Sara nodded slowly. The office around them was quiet except for the hum of the ceiling vent, the distant muffled slam of a door somewhere deeper in the building.
Nicole picked up a pen, rolling it between her fingers. “Markus will be back tomorrow morning. You want me to tell him you came by?”
“Yeah,” Sara said. “And tell him it’s urgent.” She straightened, pulling her bag higher on her shoulder. “Thanks, Nicole.”
“Anytime,” Nicole replied. And she meant it.
Sara stepped out into the heat, the office door clicking shut behind her, carrying both the sour taste of Roussel’s tactics and the unexpected gravity of Nicole’s story.
The TV was up loud in the corner, some game show shouting over a chorus of voices from the kitchen. Kids’ feet thudded across the worn carpet, and someone slammed a bedroom door down the hall. Saul glanced toward the couch where Caine’s stuff sat — folded clothes stacked in a milk crate, duffel bag tucked just underneath, sneakers lined up like they’d been measured. He felt that familiar pinch of guilt. He hadn’t said anything to Caine since that night.
Zoe’s eyes flicked around the room, pausing on the cluster of shoes by the door, the laundry basket balanced on top of a chair. “Damn,” she said over the noise, leaning closer so he could hear. “How many people live here?”

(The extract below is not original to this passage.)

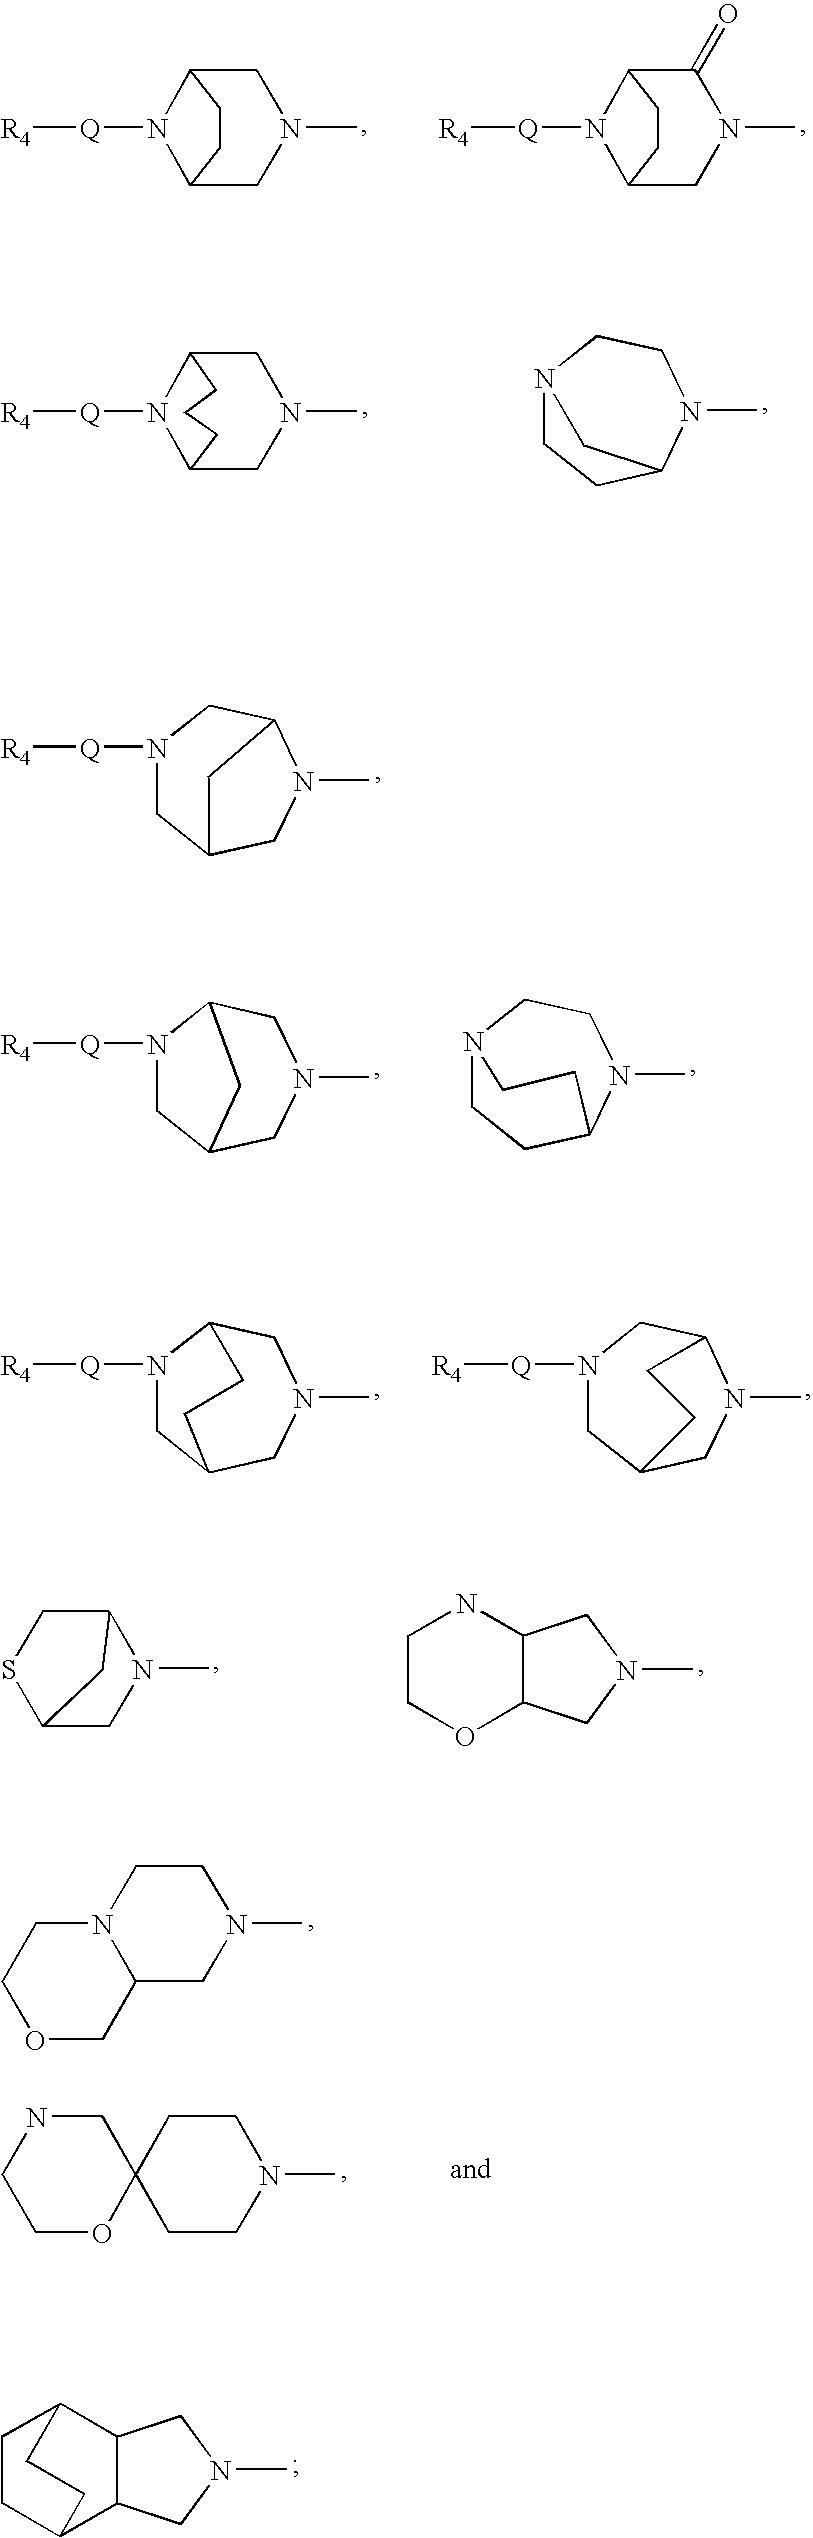 Figure US20070213356A1-20070913-C00068

Saul gave a quick shrug, mouth pulling into a crooked smile. “A lot.” It came out more defensive than he’d meant.
She grinned, brushing it off. “It’s cool, just… loud as hell in here.” She tilted her head toward the back. “Y’all got somewhere quieter?”
He nodded, relieved for the excuse to move. “Yeah. C’mon.”
They cut through the kitchen, past the open back door where the evening heat slid in, heavy and damp. The yard smelled of cut grass and the faint mildew of the old fence. At the far end sat the shed — squat, faded red paint curling at the edges. Saul dug in his pocket for the key, the small padlock rattling before it popped open.
Inside, the air was stale, dust hanging in the single beam of light from the high, grimy window. Boxes leaned against one wall, a couple of fishing poles balanced in the corner. Saul reached past an old lawnmower to grab two folding chairs, their metal legs groaning as he set them up in the middle of the floor.
He dropped into one, letting it rock back slightly. “Nobody comes out here. Not since my abuelo died,” he said, his voice flattening a little. “Five years now.”
Zoe sat, crossing her legs, her gold hoops glinting when she tilted her head. “You should turn it into a bedroom,” she said. “Then you wouldn’t have to share.”
That made him laugh, short and sharp. “I’d need a whole new shed for that.”
She smirked, leaning back, her gaze steady on him. “You got condoms?”
His ears warmed, but he nodded. “Yeah.” Standing, he reached into his pocket, pulled the small box free. He slid one foil packet out, the rest flipping from his hand in a lazy toss that landed them with a hollow clunk in his grandpa’s old metal toolbox. He didn’t look to see where they landed.
For a second, the sound of the toolbox lid settling was the only noise between them. Somewhere outside, a car passed on the street, bass rattling faintly through the wood walls. Saul sat back down, the chair’s frame creaking under him. Zoe’s eyes stayed on him, calm, expectant. He felt the air shift, heavier now, his heartbeat thudding in his ears.
The shed smelled of dust and motor oil, the faint ghost of his grandpa’s cologne still clinging to the wood. Saul thought about how quiet it was compared to the house, how no one could just barge in here without him knowing. He looked at Zoe again, trying to read her expression, and felt that same mix he’d had since she first said yes to coming over — nerves wrapped tight with the pull to act like he wasn’t nervous at all.